Guest Articles

Thursday
August 17
2023

Michelle Hassan / Chris Maclay / Bethany Hou

The Jobtech Landscape in Africa: Assessing the Challenges and Opportunities in a Critical Sector

What really is the future of work in Africa? Though it’s difficult to make confident predictions about such a dynamic and rapidly changing region, Africa is beginning to feel the impact of the same trends that are reshaping labour markets in more developed countries. For instance, if we look at the evolution of labour markets in Western countries over the last decade, the biggest shift has been in the way people find and mediate their work: They increasingly find jobs through job matching platforms, manage their businesses through e-commerce platforms, and earn money on the side through gig matching platforms.
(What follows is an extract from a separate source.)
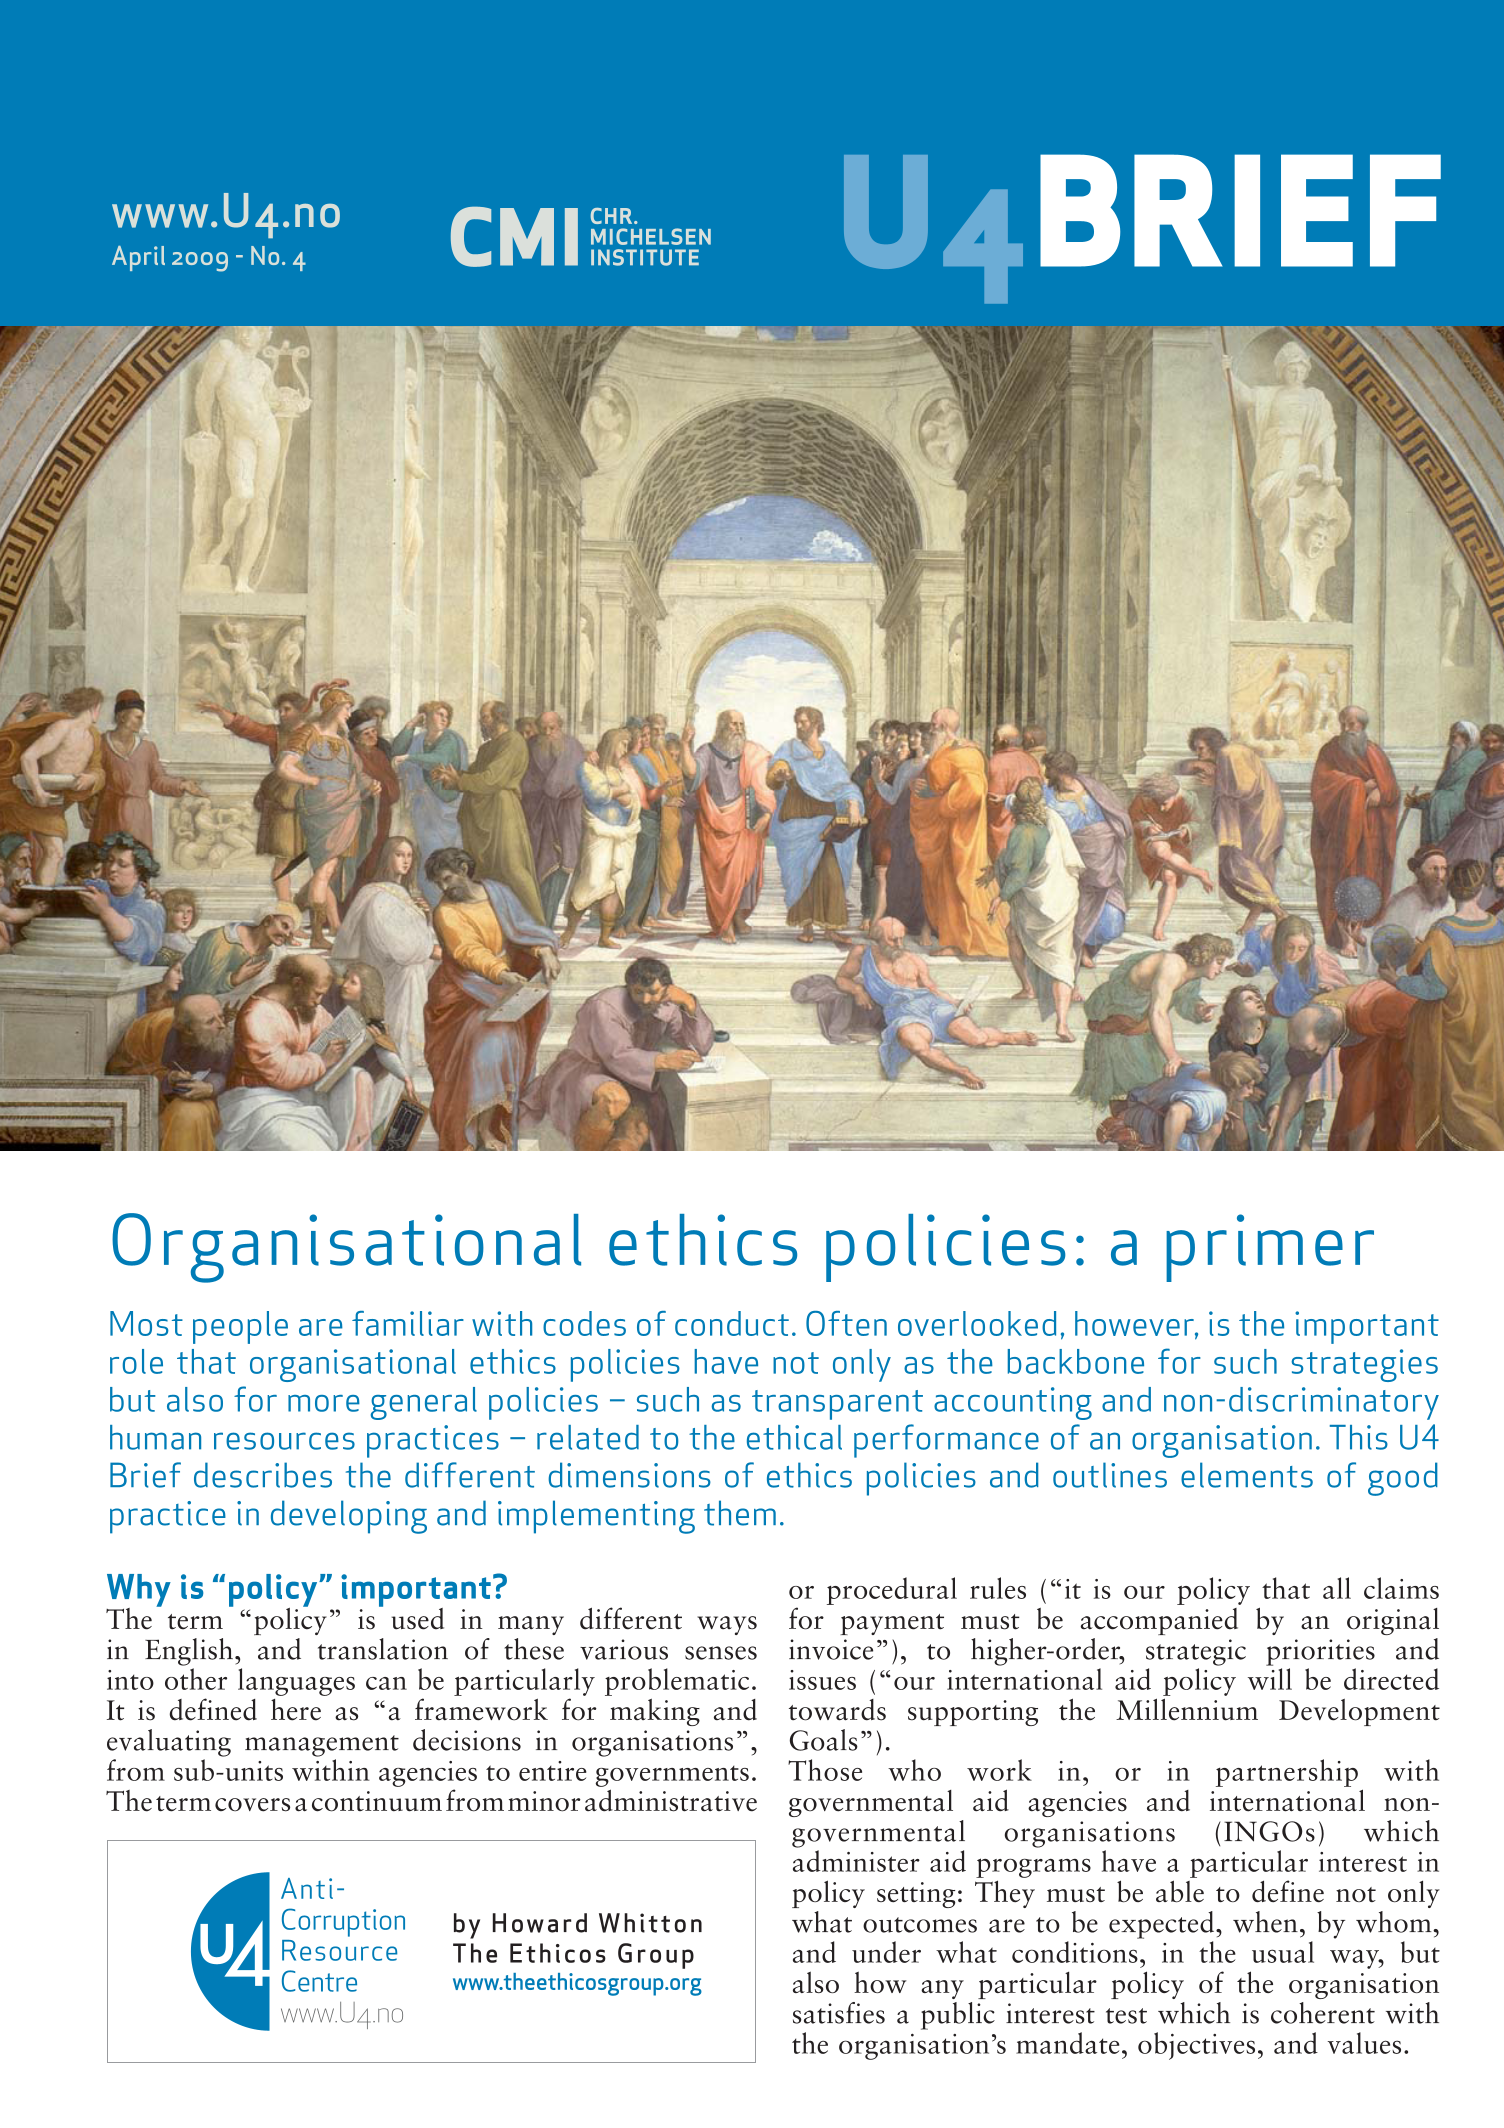 Organisational ethics policies: A primer
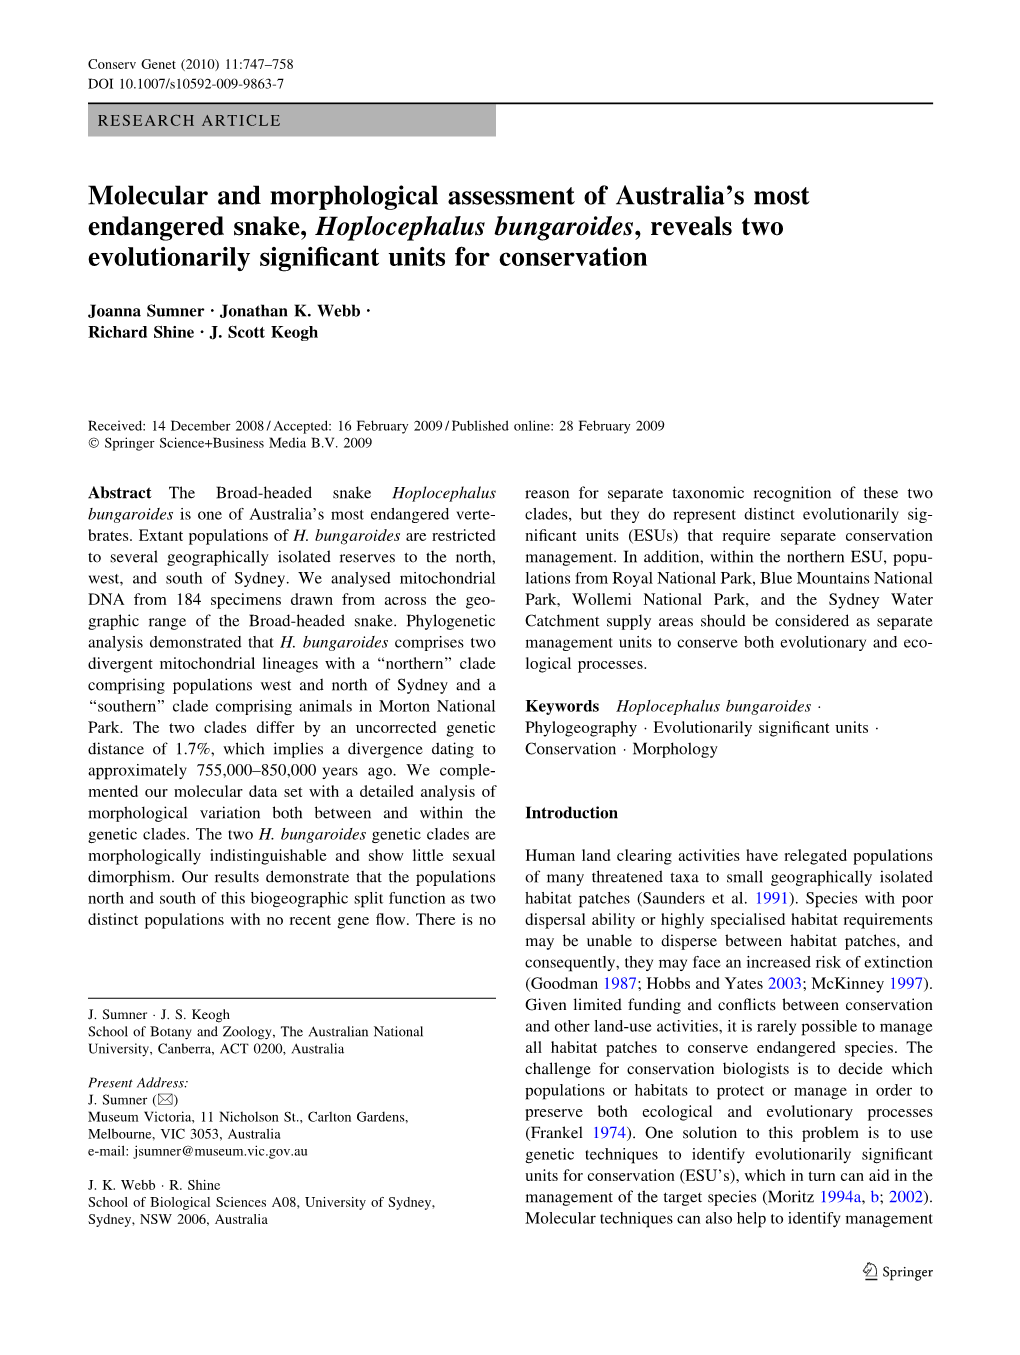 Molecular and Morphological Assessment of Australia's Most

These digital platforms are part of a broader effort to use technology to enable, facilitate or improve people’s work opportunities, productivity and livelihoods — an emerging sector that’s collectively known as “jobtech.”

While not yet as ubiquitous in Africa as it is in Western markets, the shift toward jobtech is coming to the continent. Simply put, jobtech is the future of work in Africa: Up to 540 million people worldwide will benefit from online talent platforms by 2025, and significant growth of the e-commerce sector is expected in Africa, with 30-88 million Africans expected to earn income from digital marketplaces by 2030. The Briter Intelligence database counts 1,007 jobtech platforms in Africa today.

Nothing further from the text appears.